Il ne réfléchit pas une seconde de plus et prit ses jambes à son coup en direction de la ville. Derrière lui, il vit l’Inquisiteur faire signe à ses Exécuteurs de le suivre. Maintenant qu’il courait ainsi, il se demanda s’il n’aggravait pas sa situation. Mais le fait que le Mysterium se trouve ici juste après le départ de March ne pressentait rien de bon.
Peu importe leurs intentions, Egas préférait mettre le plus de distance possible entre lui et le Mysterium. Les Inquisiteurs n’avaient pas autant d’autorité à Drachima que dans les autres royaumes. Si Egas parvenait à se cacher assez longtemps dans les méandres de la Ville-Basse, l’Inquisiteur serait forcé d’abandonner ses recherches. Les Sienna voyaient d’un mauvais œil la présence d’Inquisiteurs rôdant sur leur territoire : ils faisaient fuir la clientèle !
Egas emprunta une petite ruelle s’enfonçant dans les pires quartiers de la cité, préférant encore faire face à des truands qu’au Mysterium. Par chance, il connaissait déjà cette partie de la ville. La prochaine allée le mènerait à une maison close qu’il côtoyait régulièrement, moins pour le charme de ses hôtes que pour le rhum arrangé que la matrone lui réservait. Une fois à l’intérieur, l’Inquisiteur ne le retrouverait jamais.
Un coup de tonnerre résonna dans la nouvelle allée. Il tomba au sol, sans comprendre comment ni pourquoi. Une brulure intense lui martela la joue et lorsqu’il toucha son visage, il découvrit une plaie béante sous sa pommette droite.
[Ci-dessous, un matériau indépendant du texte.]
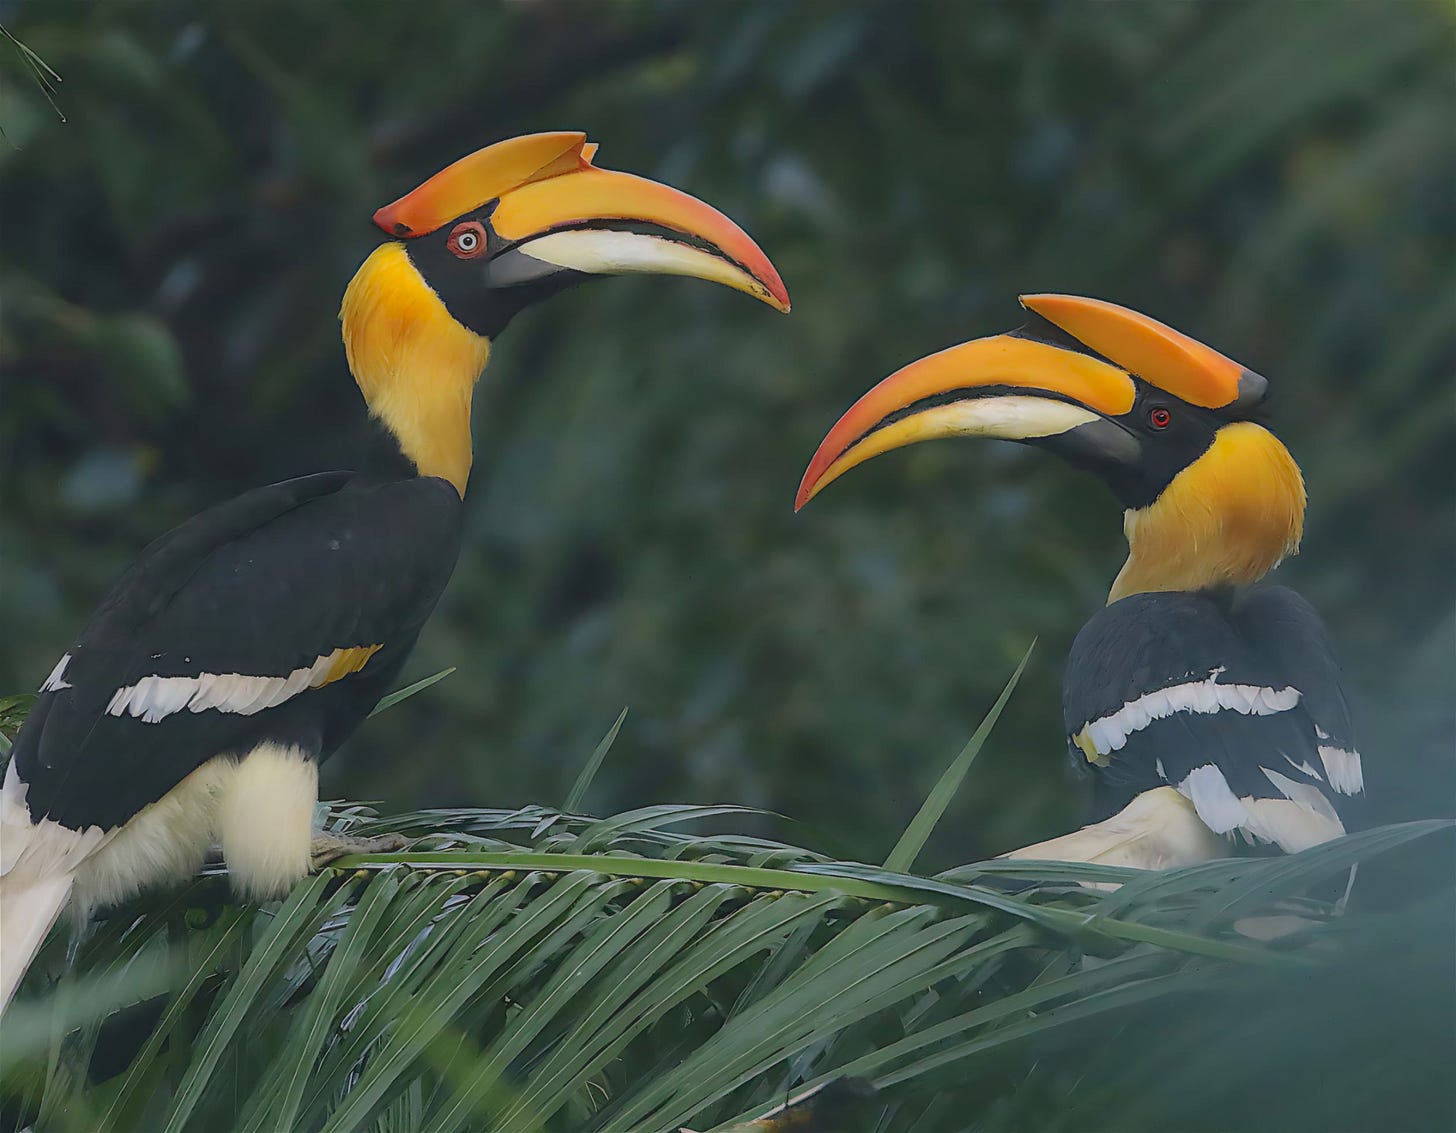 two great hornbills face each other on a palm frond. their beaks and casks are yellow, their plumage is black and white. 
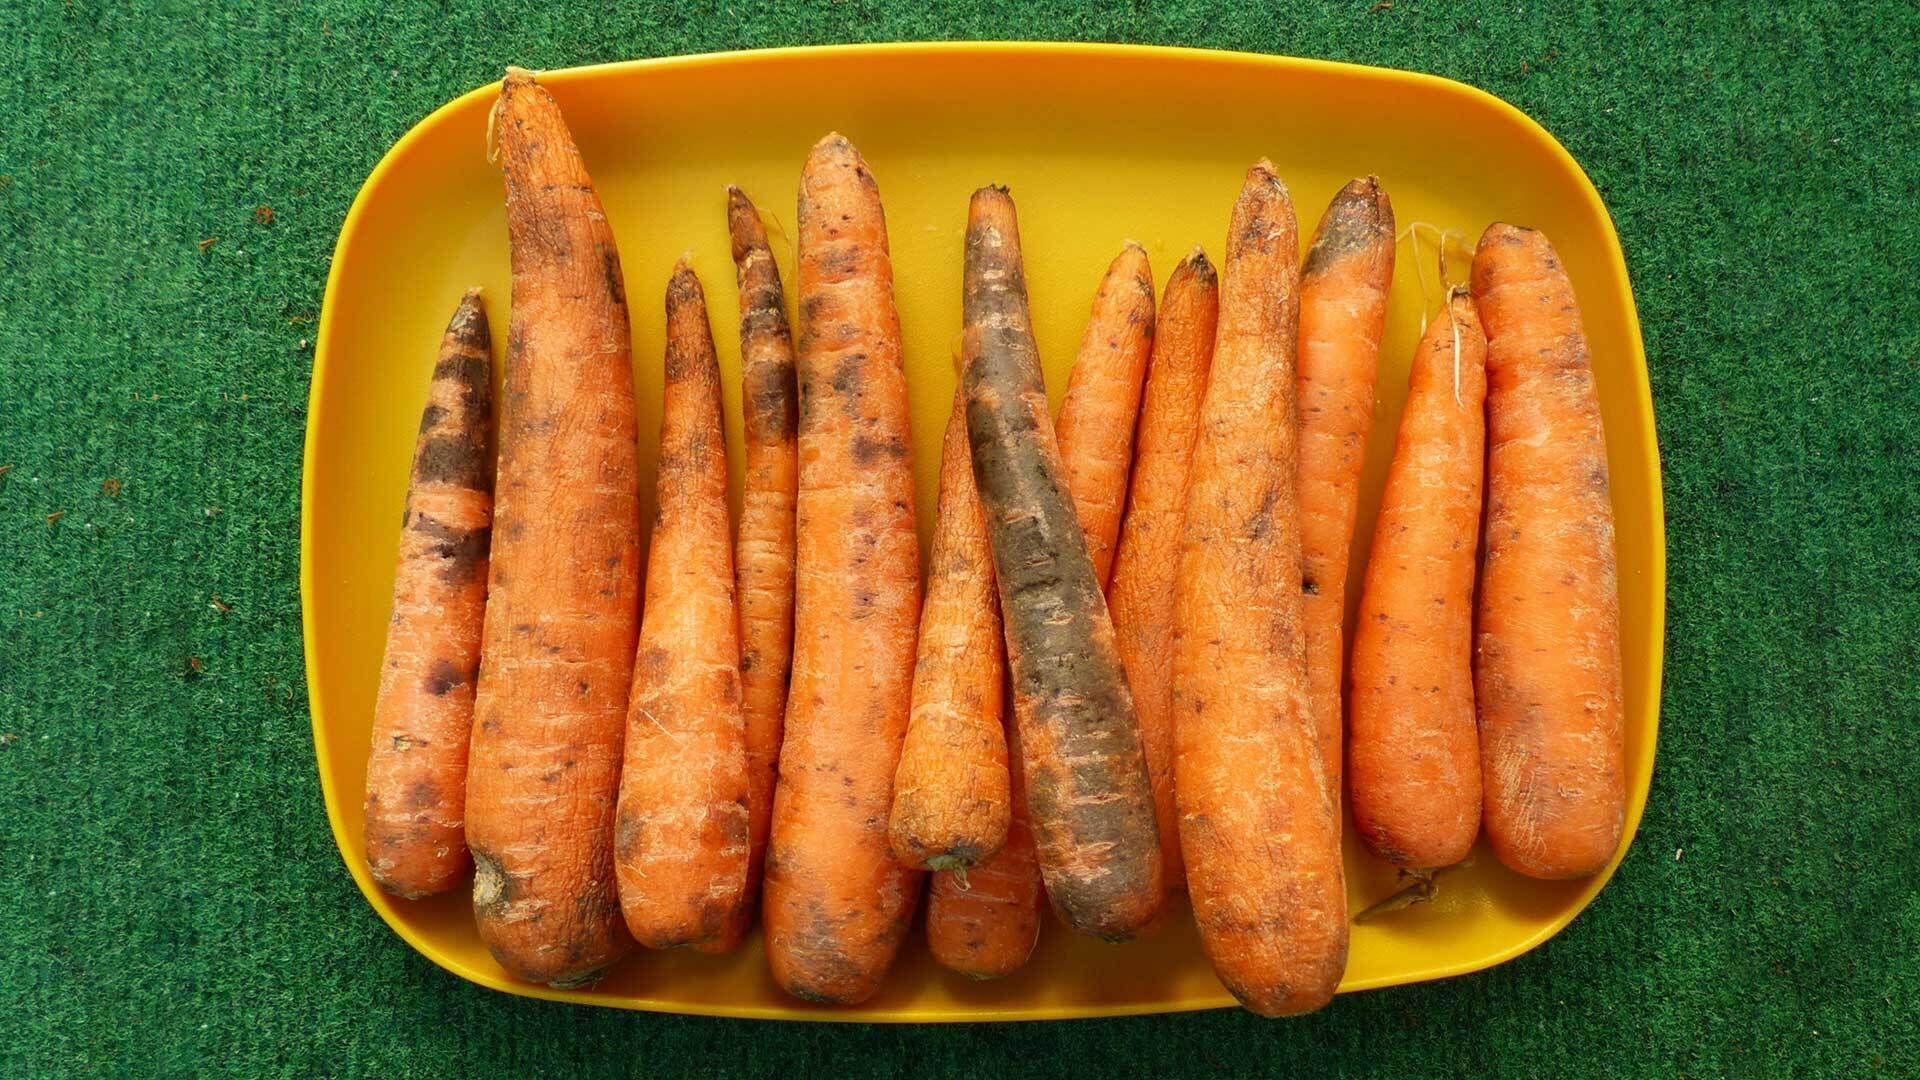 Recycle or throw away: Is it still okay to eat moldy carrots?

— Besoin d’un médecin ? lui dit l’Exécuteur posté devant lui.
C’était le plus petit des deux, celui aux yeux assassins. Il portait à la main un fouet armé de pointes cloutées. Ce qu’il avait pris pour le son de la foudre était en fait le claquement du fouet sur son visage.
Egas se leva d’un bond, ignorant la douleur, et se tourna dans la direction opposée pour fuir son agresseur. Il se cogna sur le corps aussi solide qu’un mur du second Exécuteur qui s’était posté derrière lui. Le choc fut si soudain qu’il retomba au sol.
L’Inquisiteur apparut derrière son acolyte et le contourna pour venir s’agenouiller à hauteur d’Egas.
— Monsieur Venaritin, quel honneur de vous rencontrer ! J’ai entendu de nombreux éloges à propos de vos talents de médecins ! Du moins, avant ce regrettable incident avec le Roi…
— Je… je…
— Tst, tst, tst, allons, allons, calmer vous ! Nous sommes entre amis, dit l’Inquisiteur en souriant. Commencez donc par m’en dire plus sur ce naufragé que vous avez repêché en mer.
Egas glapit bruyamment, espérant que March était déjà loin de Drachima. Les cris du médecin résonnèrent dans la ruelle déserte alors que l’Inquisiteur se mit au travail et Egas regretta encore une fois de ne pas avoir suivi le Mage.